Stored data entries
==*==

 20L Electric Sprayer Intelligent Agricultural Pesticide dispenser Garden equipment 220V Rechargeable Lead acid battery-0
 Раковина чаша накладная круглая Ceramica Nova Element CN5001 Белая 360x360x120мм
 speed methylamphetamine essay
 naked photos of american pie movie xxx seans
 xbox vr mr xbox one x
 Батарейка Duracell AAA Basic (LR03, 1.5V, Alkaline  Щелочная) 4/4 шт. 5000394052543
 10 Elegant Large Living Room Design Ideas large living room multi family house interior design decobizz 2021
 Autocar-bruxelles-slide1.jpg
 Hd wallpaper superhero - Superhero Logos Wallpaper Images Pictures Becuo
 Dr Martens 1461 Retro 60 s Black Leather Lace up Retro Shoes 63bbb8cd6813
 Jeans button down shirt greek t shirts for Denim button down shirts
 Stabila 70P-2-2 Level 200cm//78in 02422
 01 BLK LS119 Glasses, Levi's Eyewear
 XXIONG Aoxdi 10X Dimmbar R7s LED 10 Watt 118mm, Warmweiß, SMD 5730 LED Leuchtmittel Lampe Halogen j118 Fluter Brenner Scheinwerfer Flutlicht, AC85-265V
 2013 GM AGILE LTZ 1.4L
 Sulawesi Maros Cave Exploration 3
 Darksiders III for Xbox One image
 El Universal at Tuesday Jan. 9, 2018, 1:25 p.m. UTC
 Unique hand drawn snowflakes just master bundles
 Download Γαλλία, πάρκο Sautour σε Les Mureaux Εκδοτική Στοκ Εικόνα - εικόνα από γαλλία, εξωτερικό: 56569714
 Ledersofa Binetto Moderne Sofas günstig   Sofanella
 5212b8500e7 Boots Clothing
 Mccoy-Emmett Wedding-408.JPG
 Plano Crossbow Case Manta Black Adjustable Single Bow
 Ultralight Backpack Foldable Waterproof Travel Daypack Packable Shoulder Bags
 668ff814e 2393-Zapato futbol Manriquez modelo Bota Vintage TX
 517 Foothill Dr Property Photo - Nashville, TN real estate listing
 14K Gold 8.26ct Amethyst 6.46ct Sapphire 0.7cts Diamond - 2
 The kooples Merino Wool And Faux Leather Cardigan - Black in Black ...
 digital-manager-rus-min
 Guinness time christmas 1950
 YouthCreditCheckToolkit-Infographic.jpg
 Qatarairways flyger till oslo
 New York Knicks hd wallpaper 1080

==*==

WORK TASK
Above are the records; copy exactly the lines from the line with "Dr Martens 1461" through the line with "Sulawesi Maros Cave Exploration 3", both included.

TASK RESPONSE
 Dr Martens 1461 Retro 60 s Black Leather Lace up Retro Shoes 63bbb8cd6813
 Jeans button down shirt greek t shirts for Denim button down shirts
 Stabila 70P-2-2 Level 200cm//78in 02422
 01 BLK LS119 Glasses, Levi's Eyewear
 XXIONG Aoxdi 10X Dimmbar R7s LED 10 Watt 118mm, Warmweiß, SMD 5730 LED Leuchtmittel Lampe Halogen j118 Fluter Brenner Scheinwerfer Flutlicht, AC85-265V
 2013 GM AGILE LTZ 1.4L
 Sulawesi Maros Cave Exploration 3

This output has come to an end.